Connect Travel’s recent “Staying Connected” virtual roundtable discussion with Canadian tour operators proved to be popular with travel and tourism professionals—more than 200 watched and/or listened to the hour-long presentation, which is hosted by Connect’s TourOperatorLand.com brand.
Those taking part in the panel discussion were:
—Nadine Paulo, vice president, product & procurement, Kensington Tours;
—Sash Munjal, general manager, ShortTrips.ca; and
—Shari Bailey, vice president, Connect Travel and general manager, Connect Travel Events, who served as moderator of the session.
1. Canadians are definitely ready to travel. “Thank god you’re up and operating,” one client told a Canadian tour operator after the latter opened a dozen tours last autumn during a five-week interregnum in the country’s nationwide lock-down and pandemic that brought tourism to a halt and the borders between Canada and the U.S. were closed. While the comment above is not the product of a scientific poll, it and other similar comments tell operators that there is much pent-up demand for travel experiences among Canadians.
2. Canadian operators know that they will have to make some adjustments in their products, and they already have. For instance, in order to comply with social distancing standards and for other health-related protocols, one operator’s tour buses can take only 24 passengers—not 55—as had been the standard prior to the pandemic.
3. It is still a time of learning for operators and their partners—including restaurants and attractions—as operators have to assure travelers that health-and-safety protocols are understood and practiced by everyone involved in a group tour—from drivers, to food servers (“Buffets are long gone.”) to the person who handles baggage and moves it from bus to hotel room.

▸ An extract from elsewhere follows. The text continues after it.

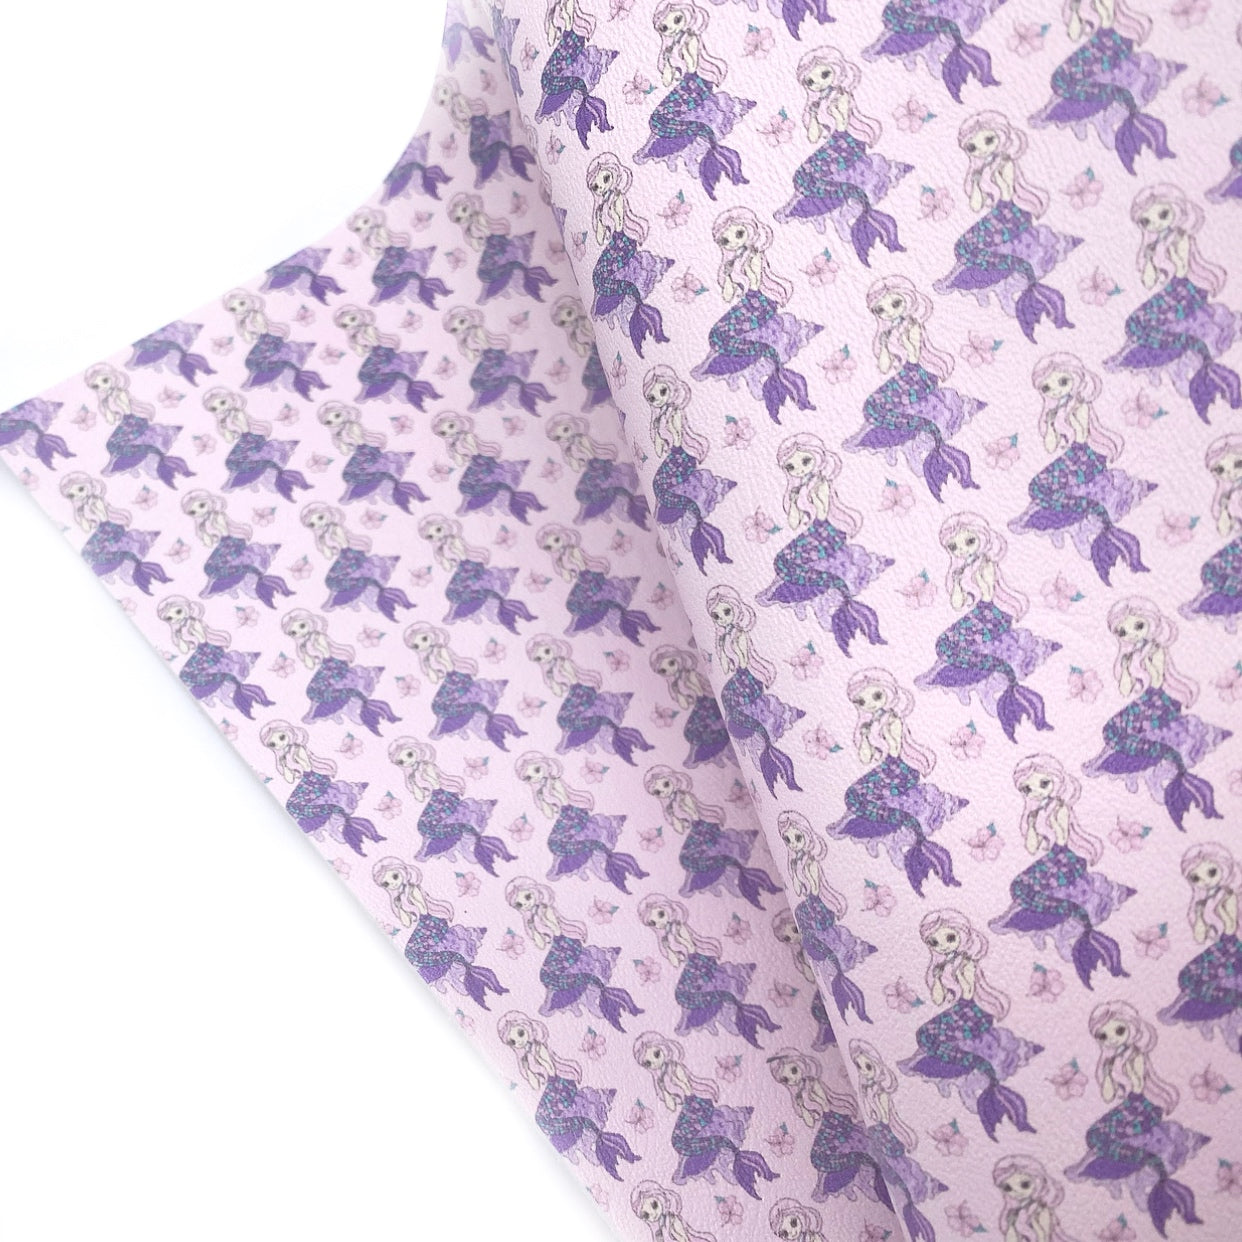 Purple Mermaid Anna Premium Faux Leather Fabric Sheets

4. While the notion of recovery is one that both operators and their suppliers hope for, the projections on when it will come has shifted among operators, who had been hoping that they could start moving product early this year. Instead, “once things clear up” means that most operators are hoping for recovery to start sometime this year or in 2022 or even in 2023.
5. Responding to what their customers have indicated, domestic tour operators will be looking for simpler, cleaner products that will involve protocols that are less cumbersome or time-consuming. This could mean direct entry for passengers to a meal setting, rather than checking in at a front desk. For the operator, it also means more short-haul destinations, day trips and overnighters.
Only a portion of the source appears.